Abstract: Background:
The receptor for advanced glycation end products (RAGE) is linked to cellular stress and inflammation during Alzheimer’s disease (AD). RAGE signals through Diaphanous-1 (DIAPH1); however, the expression of DIAPH1 in the healthy and AD human brain has yet to be methodically addressed. Objective:
To delineate the cell- and disease-state specific expression of DIAPH1 in the human medial temporal cortex during healthy aging and AD. Methods:
We used semi-quantitative immunohistochemistry in the human medial temporal cortex paired with widefield and confocal microscopy and automated analyses to determine colocalization and relative expression of DIAPH1 with key cell markers and molecules in the brains of subjects with AD versus age-matched controls.

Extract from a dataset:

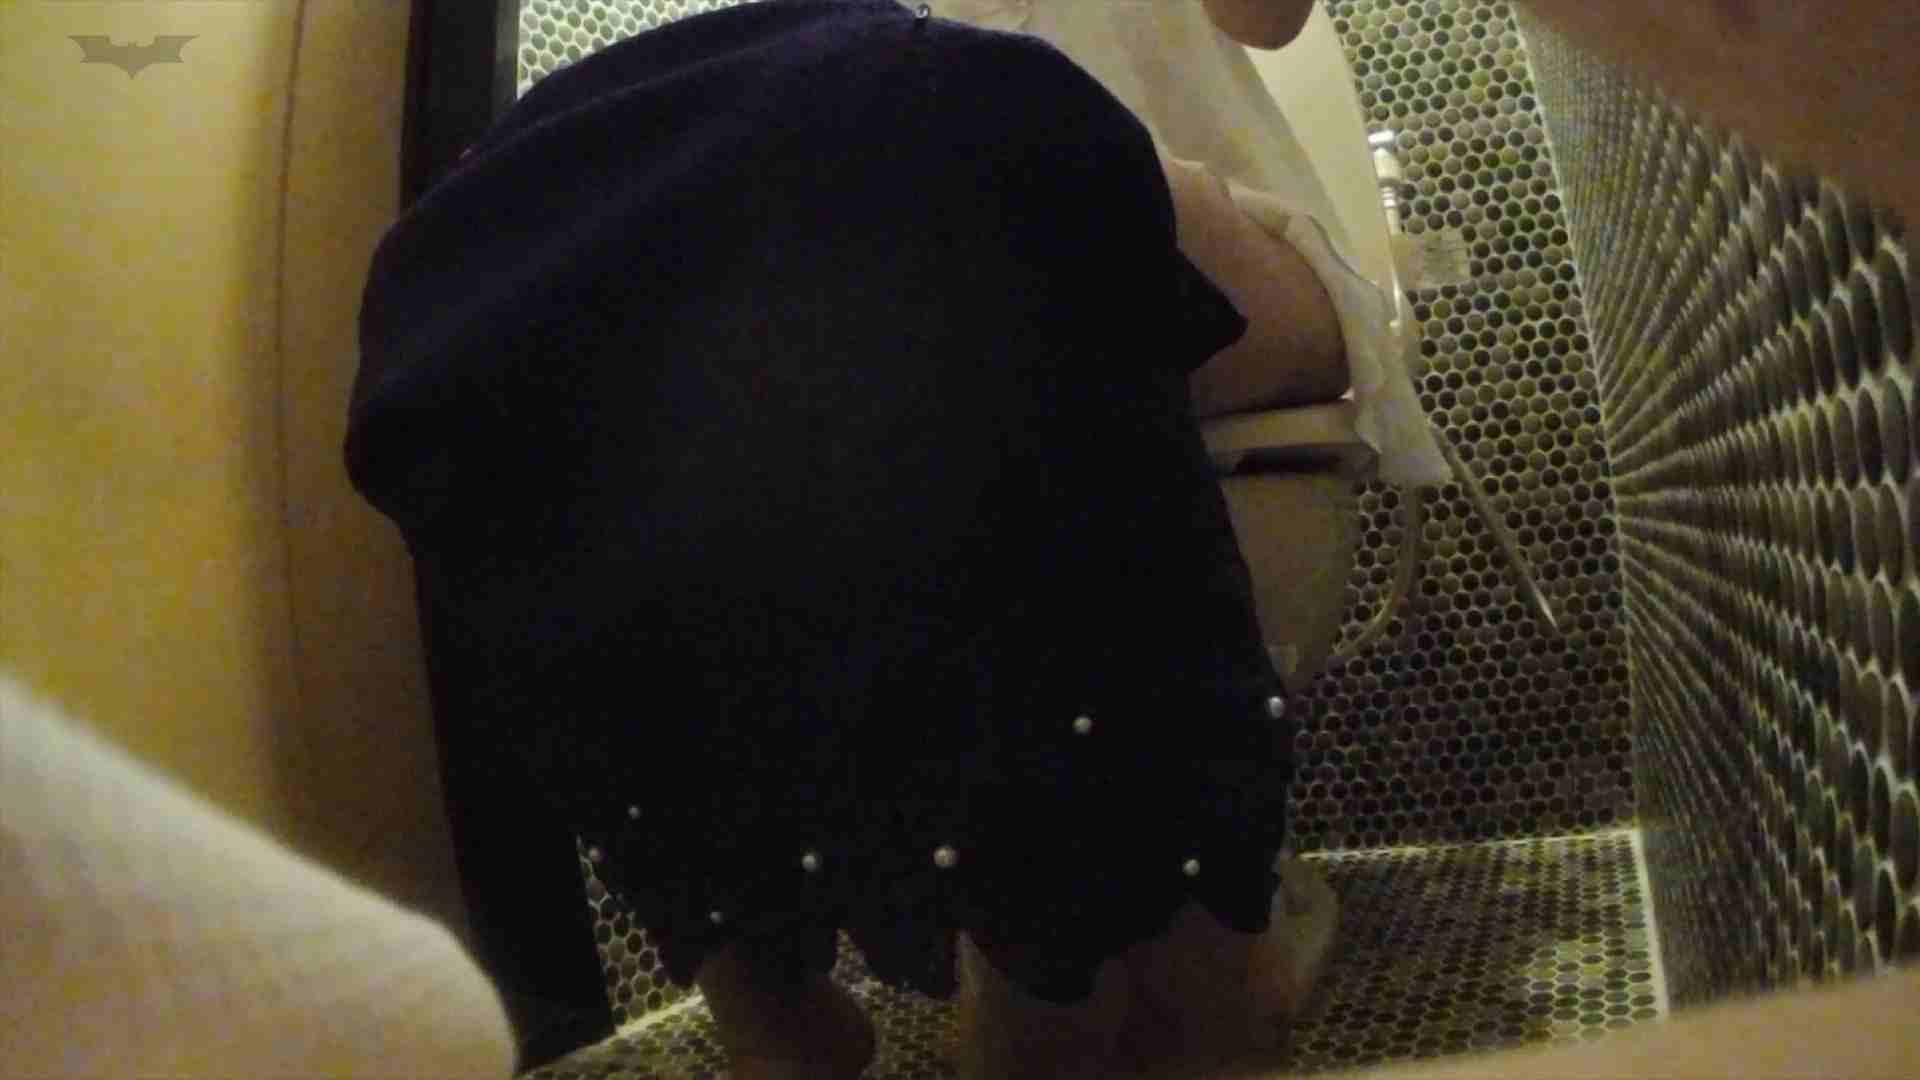 内緒でデリヘル盗撮 Vol.02前編 人気No.1手こき嬢を内緒で・・・。 盗撮映像  75Pix 14
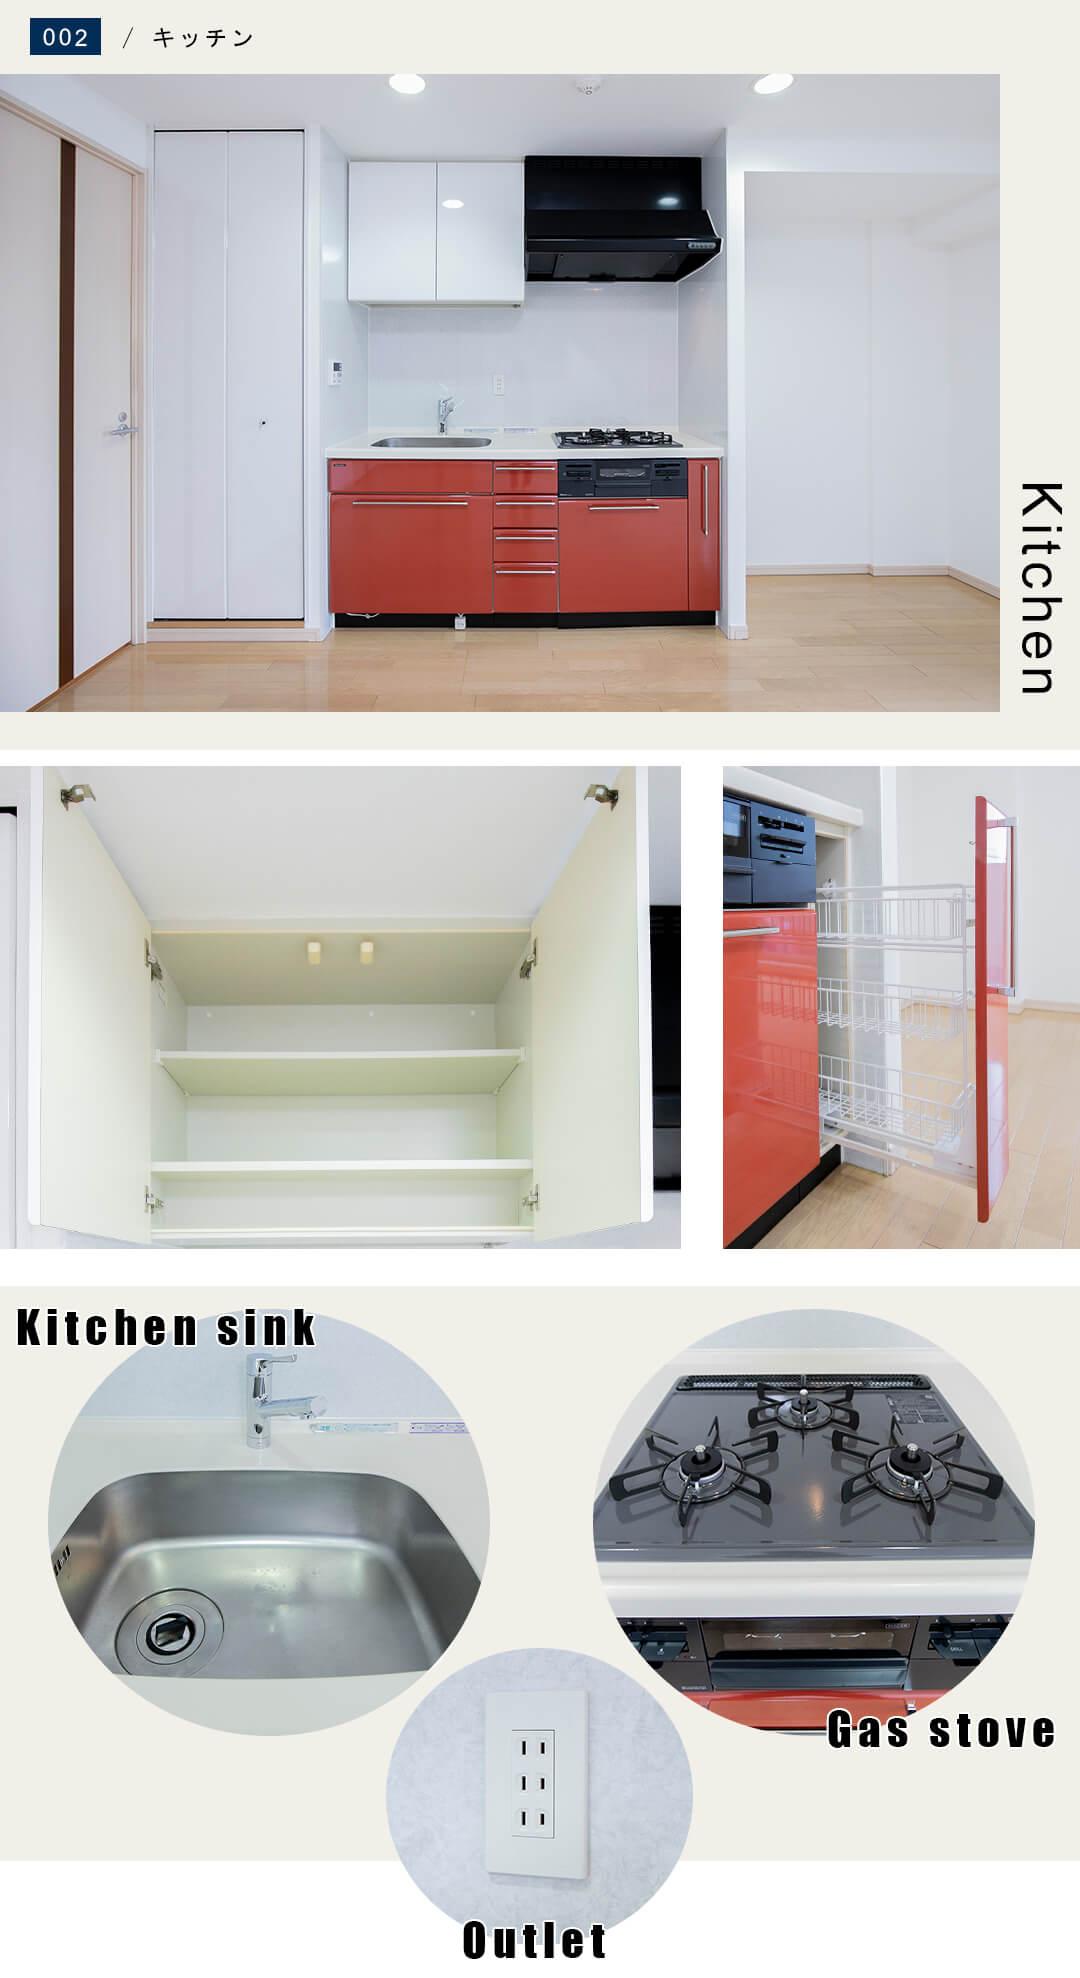 イトーピアマイズ池袋のキッチン

Results:
We report robust colocalization of DIAPH1 with myeloid cells and increased expression during AD, which strongly correlated to increased neutral lipids and morphology of inflamed myeloid cells. DIAPH1 moderately colocalized with markers of endothelial cells, astrocytes, neurons, and oligodendrocytes. Discussion:
Our findings localize DIAPH1 particularly to myeloid cells in the CNS, especially in AD in the locations of lipid droplet accumulation, thereby implicating RAGE-DIAPH1 signaling in dysregulated lipid metabolism and morphological changes of inflamed myeloid cells in this disorder.